The application itself is designed for relatively inexperienced users, and retrieves the required information from the database via an "explorer" like interface. Basically the data is then displayed and available for printing, but at this point the user has the option of creating his/her own user notes. Any notes that are saved are retrieved automatically, each time the same vehicle is selected. This allows the user to store notes that are specific to one vehicle and enables the user the ability to add, change or delete the notes as required.

The trick was that the database would be distributed on CDROM and updated over time. There were some good reasons for this:

  1. The distribution medium was required to cope with large increases in data size over a number of years.
  2. It stopped (or at least restricted) unauthorised use of the application.
  3. It simplified periodic updates.

However, there were a couple of complicating factors, namely:

  1. The regular updates of the database would be done by users of little, or no, computer experience.
  2. User notes saved had to be preserved during updates.

The obvious problem arises from the fact that a CDROM is read only and can't be written to. MS Access attempts to create, and write, to an LDB file when it is first opened. Access uses the .LDB file information to determine who has which files (or records in a file) locked. This was easy to avoid - open the database with exclusive access and read only, and Access will not attempt to open or create an .LDB file.

The other problem is what to do with the user notes saved during use of the database.

Again, the solution was straightforward. A second Access database was created which was copied to the C: drive during the install process. This second database contained tables with identical key structure to the CD database, but only one field - "UserNotes".
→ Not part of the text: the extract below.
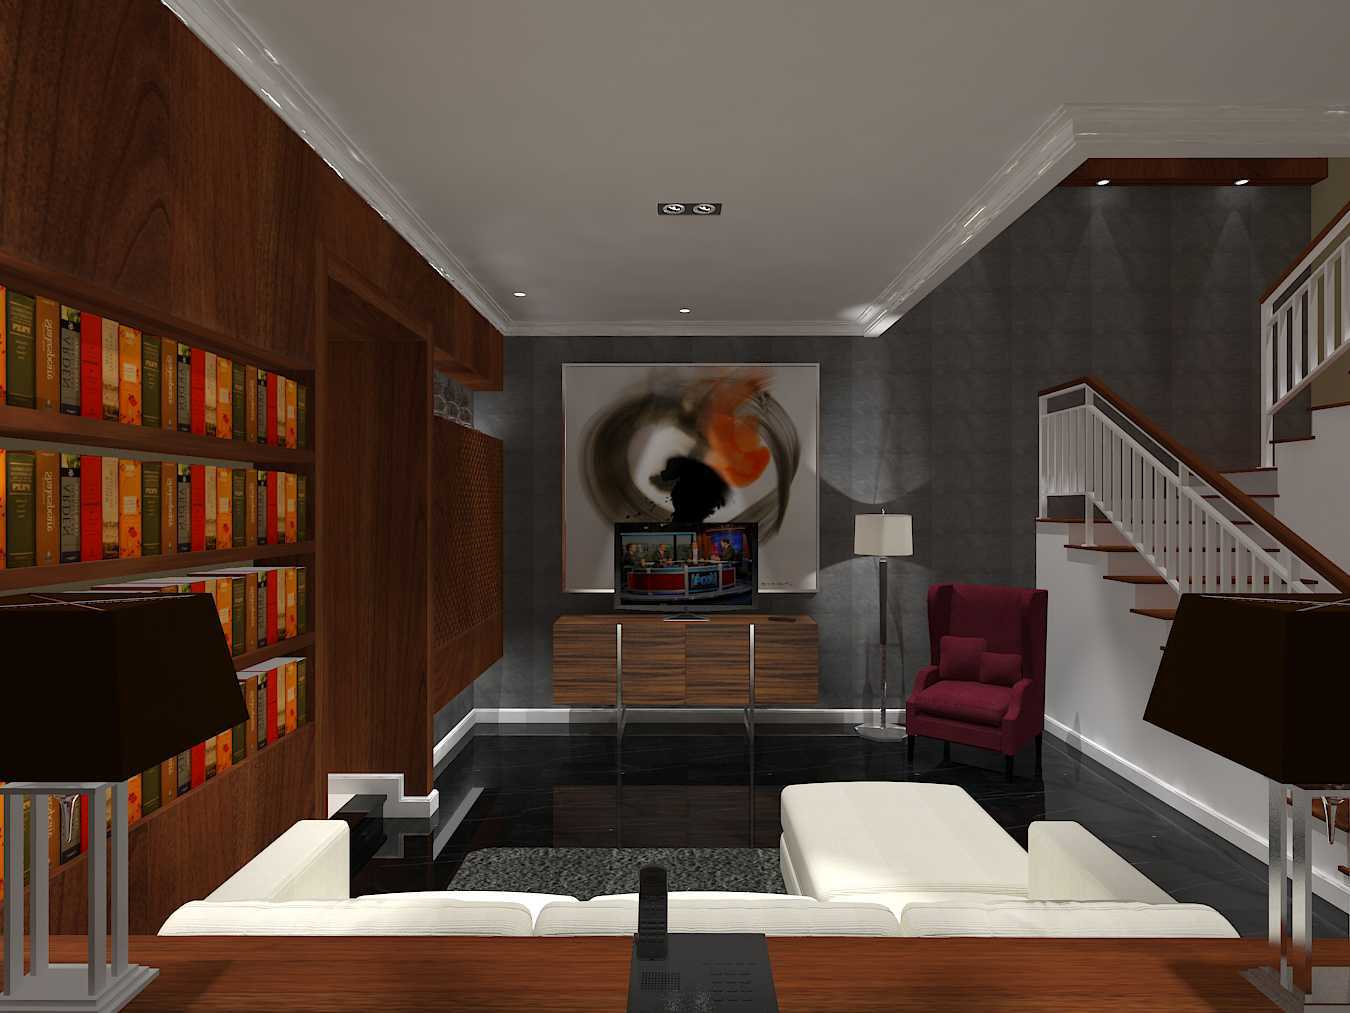 Emil Yusman (E'architect) Tebet Barat Jl. Tebet Barat Viii, Tebet Bar., Tebet, Kota Jakarta Selatan, Daerah Khusus Ibukota Jakarta 12810, Indonesia South Jakarta Living-Room  20196

The tables from the read only database contained on the CD were "attached" programatically to the second database when the program was used for the first time. The Access database on the CD was opened "Exclusively and Read only" so that the .LDB file is neither required nor created. The second database is opened for both read and write access, and as it is stored on a local drive, creating and writing to the LDB file was not a problem. This process takes only a few seconds and is quite invisible to the user.

All searching and data retrieval was directed to the second database on the local drive, but because the data tables were attached from the CD to the database on the local drive, the data was actually retrieved from the CD.

All the criteria of the project were obtained. The size of the database could grow by hundreds of megabytes. Unauthorised use of the software is difficult as the application retrieves data directly from the CD. To update the database, the user simply inserts a new CD and the user notes are preserved during the updating process.